2 rows in set (0.00 sec)

COMMIT;

--- session 2

COMMIT;

--- expected to see

--- I see in PG

...

--- session 2 (not block)

 DELETE FROM tuEkZFXW WHERE ( tuEkZFXW.c2 > 0 OR tuEkZFXW.c2 < 0) AND (tuEkZFXW.c0 >= 100);

DELETE 3

--- session 1

SELECT ID, VAL, tuEkZFXW.c0, tuEkZFXW.c1, tuEkZFXW.c2 FROM tuEkZFXW WHERE ( tuEkZFXW.c2 > 0 OR tuEkZFXW.c2 < 0) AND (tuEkZFXW.c0 >= 100) ORDER BY tuEkZFXW.ID;

 id  | val |    c0     |    c1    | c2

-----+-----+-----------+----------+----

 460 | 561 | 6537.3887 | 7569.575 |  1

 464 | 566 |  4044.869 | 8585.585 |  1

(2 rows)

...

Attachments

Issue Links

relates to

MDEV-16232 Use fewer mini-transactions

Stalled

MDEV-16402 Support Index Condition Pushdown for clustered PK scans

Confirmed

MDEV-35124 Set innodb_snapshot_isolation=ON by default

Closed

Activity

Ascending order - Click to sort in descending order

Marko Mäkelä added a comment - 5 days ago

I can reproduce the claimed blocking in a recent build of the 10.11 branch. I converted the described scenario to a .test file of the mtr tool:

--source include/have_innodb.inc

SET GLOBAL innodb_lock_wait_timeout = 20, lock_wait_timeout = 20;

CREATE TABLE tuEkZFXW (ID INT, VAL INT, c0 DOUBLE  PRIMARY KEY, c1 DECIMAL(55, 11) , c2 BOOLEAN ) ENGINE=InnoDB;

INSERT INTO tuEkZFXW (ID, VAL, c0, c1, c2)
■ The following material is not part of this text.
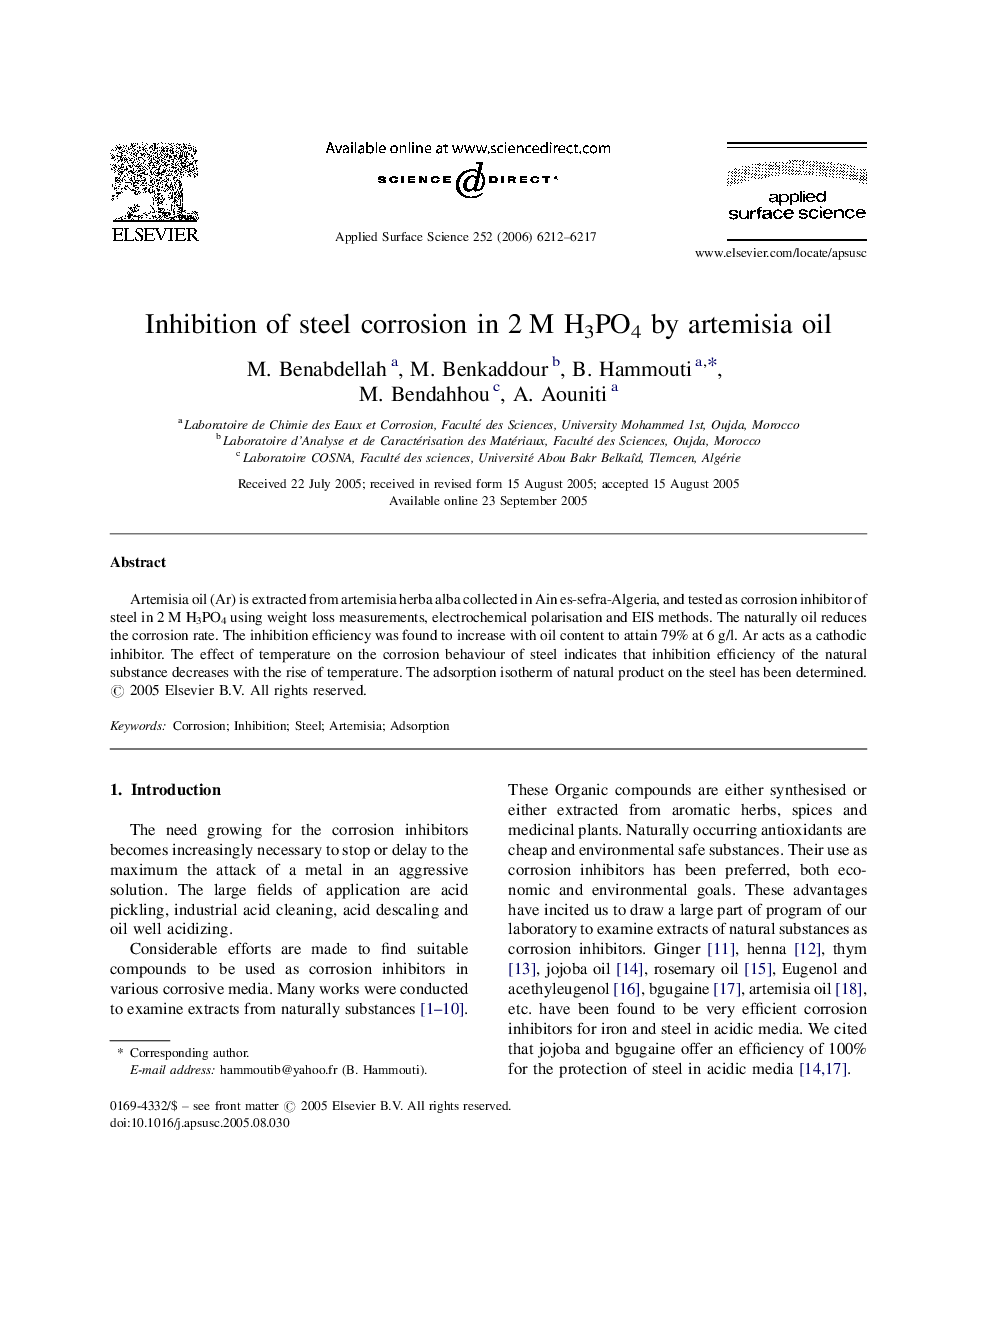 Inhibition of steel corrosion in 2 M H3PO4 by artemisia oil

VALUES (460, 561, 6537.3885, 7569.5750, 1),(464, 566, 4044.8689, 8585.5846, 1);

SET SESSION TRANSACTION ISOLATION LEVEL REPEATABLE READ;

BEGIN;

connect(con2,localhost,root);

SET SESSION TRANSACTION ISOLATION LEVEL REPEATABLE READ;

BEGIN;

connection default;

INSERT INTO tuEkZFXW (ID, VAL, c0, c2) VALUES ( 468, 570, 7105.4030, 0);

connection con2;

DELETE FROM tuEkZFXW WHERE ( tuEkZFXW.c2 > 0 OR tuEkZFXW.c2 < 0) AND (tuEkZFXW.c0 >= 100);

connection default;

SELECT ID, VAL, tuEkZFXW.c0, tuEkZFXW.c1, tuEkZFXW.c2 FROM tuEkZFXW WHERE ( tuEkZFXW.c2 > 0 OR tuEkZFXW.c2 < 0) AND (tuEkZFXW.c0 >= 100) ORDER BY tuEkZFXW.ID;

COMMIT;

connection con2;

COMMIT;

disconnect con2;

connection default;

DROP TABLE tuEkZFXW;

Like I expect, the DELETE statement will be blocked in lock_wait(). The condition c0>=100 should match all READ UNCOMMITTED rows in the table. Both DELETE and UPDATE will typically be preceded by a call to row_search_mvcc() with prebuilt->select_lock_type=LOCK_X. I see that the DELETE is invoking lock_rec_convert_impl_to_expl() on the record c0=7105.4030 that the conflicting INSERT statement executed.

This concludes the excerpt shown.